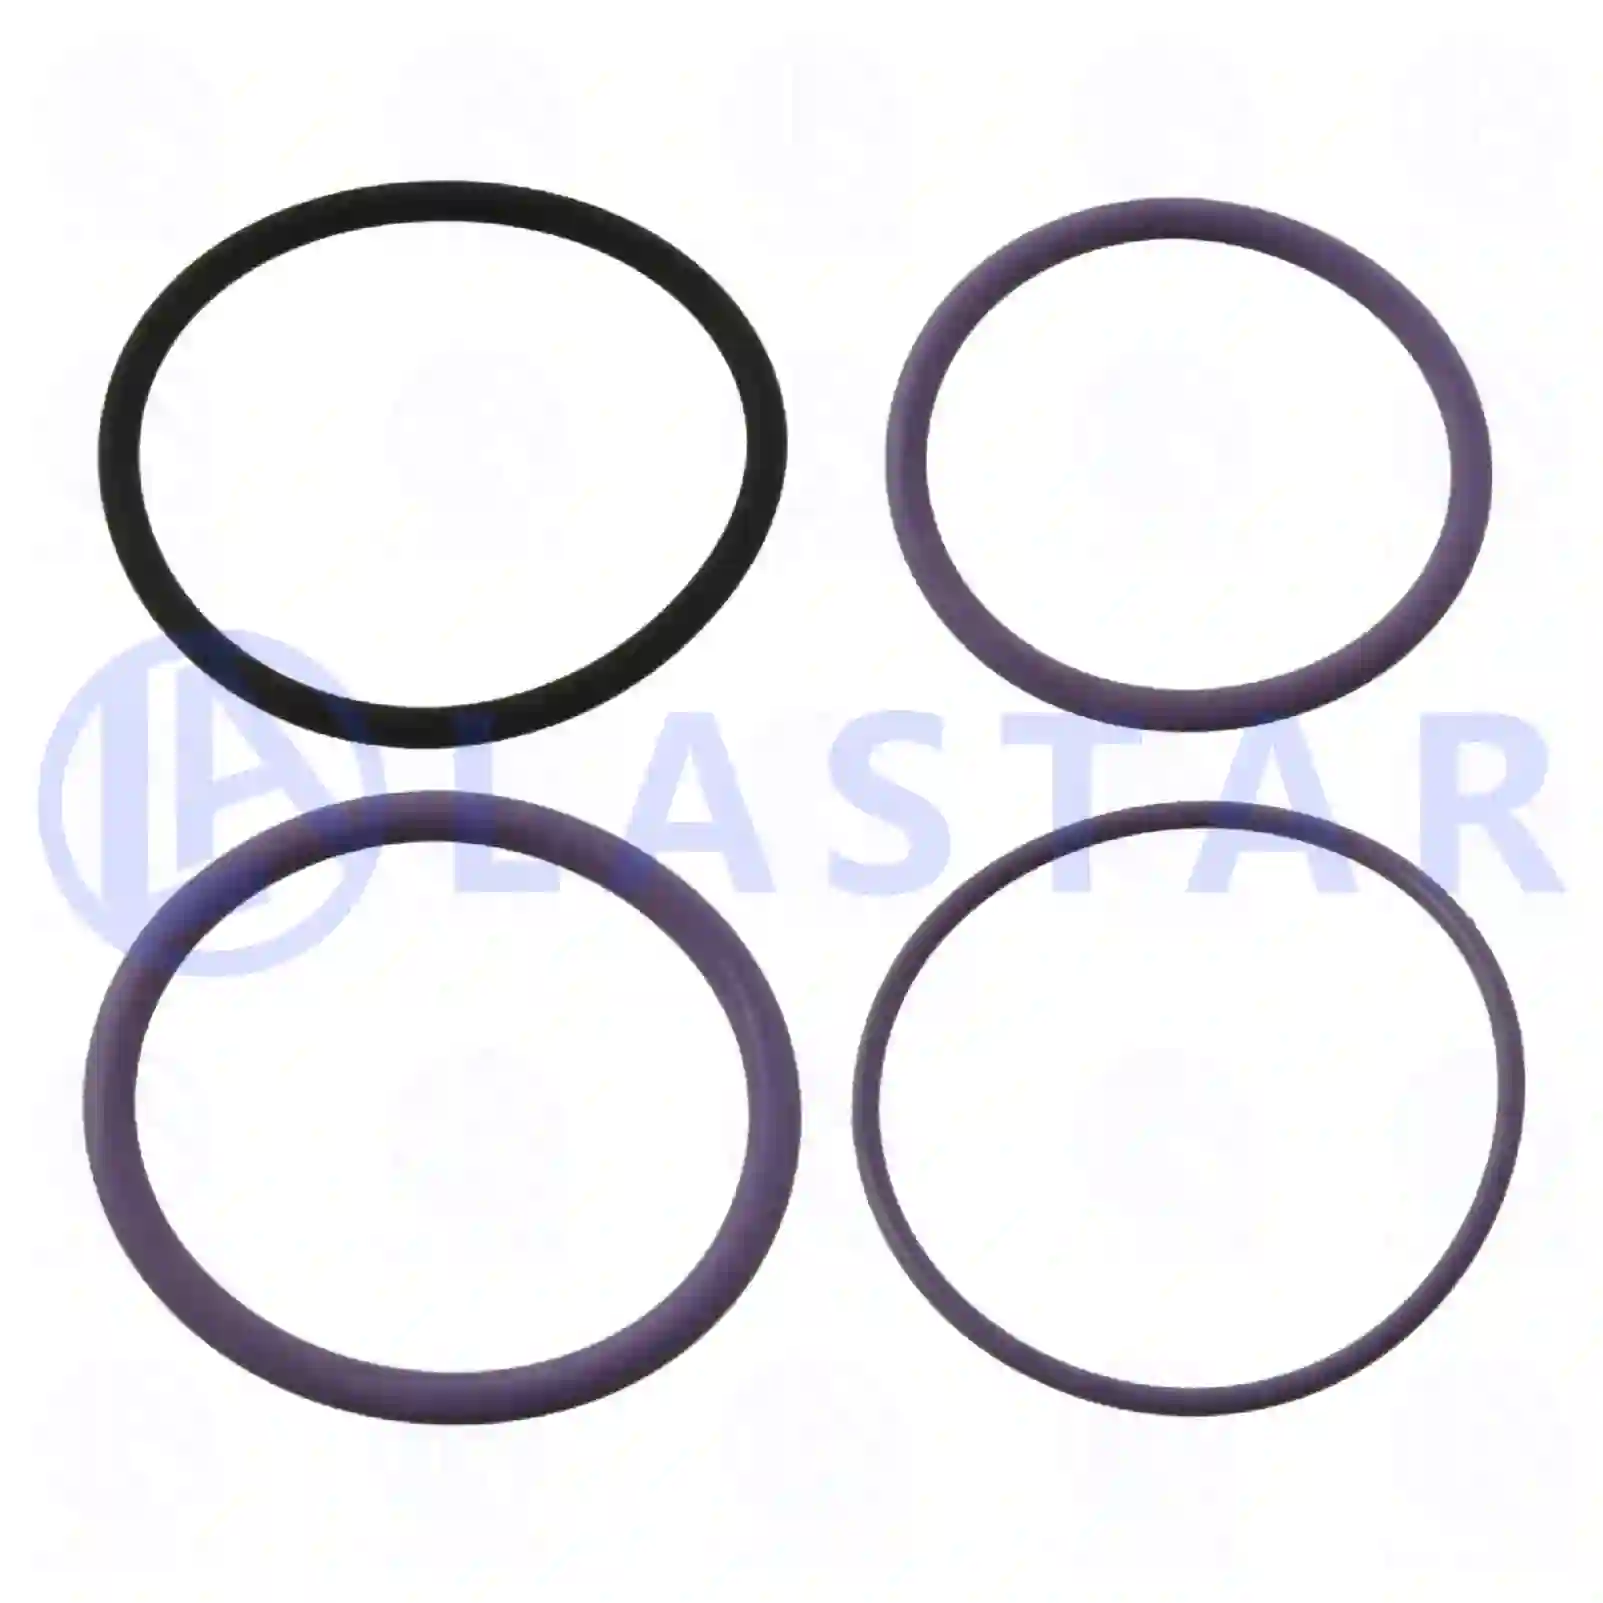  O-ring kit || Lastar Spare Part | Truck Spare Parts, Auotomotive Spare Parts
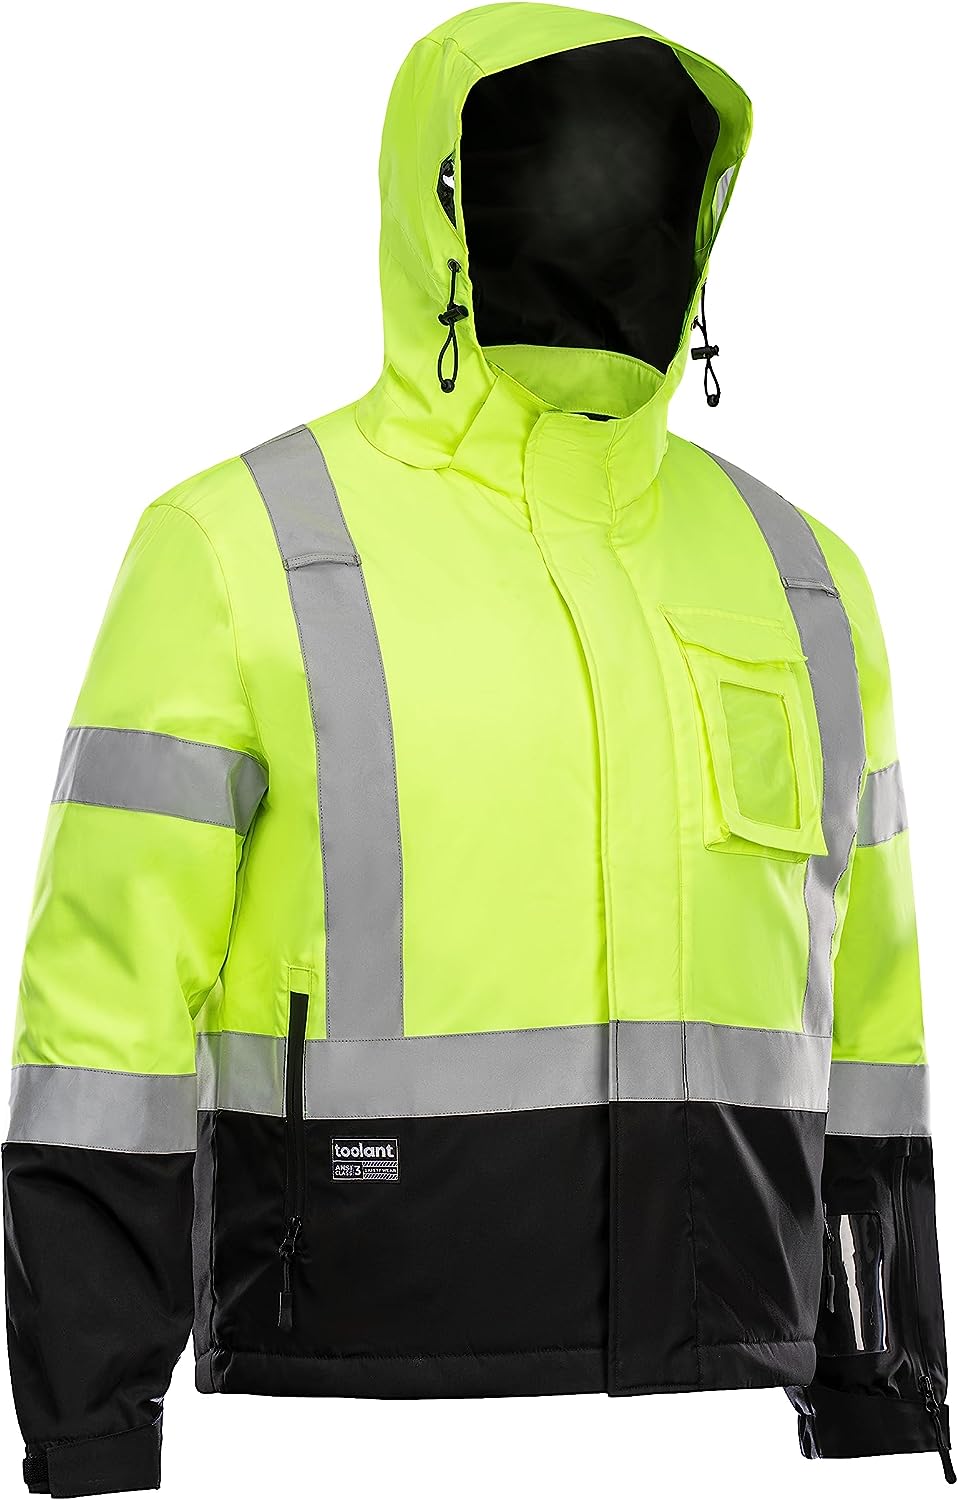 toolant Reflective Waterproof Safety Jacket for Men – High Visibility, Insulated, Comfortable, Multiple Pockets – Designed for Work, Construction, and Outdoor, Yellow, XL
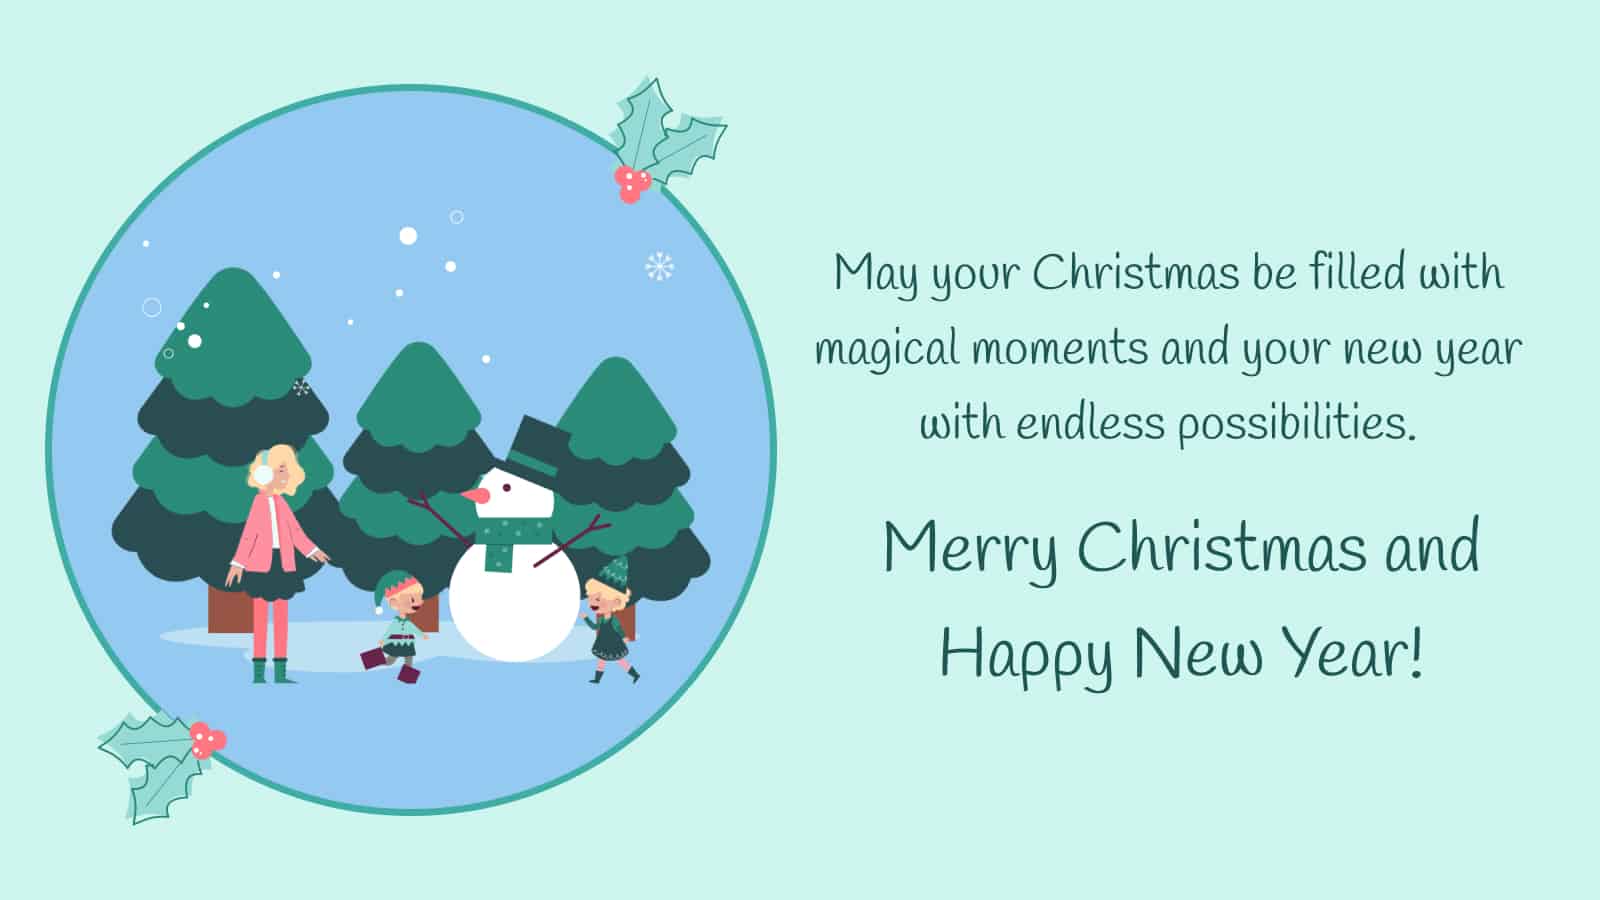 Image 2 with Merry Christmas and Happy New Year card

+-------+

* _What to produce_
Once the pictures have been removed, reproduce each line of the material above exactly.

* _Expected answer_
  O-ring kit || Lastar Spare Part | Truck Spare Parts, Auotomotive Spare Parts
 toolant Reflective Waterproof Safety Jacket for Men – High Visibility, Insulated, Comfortable, Multiple Pockets – Designed for Work, Construction, and Outdoor, Yellow, XL
 Image 2 with Merry Christmas and Happy New Year card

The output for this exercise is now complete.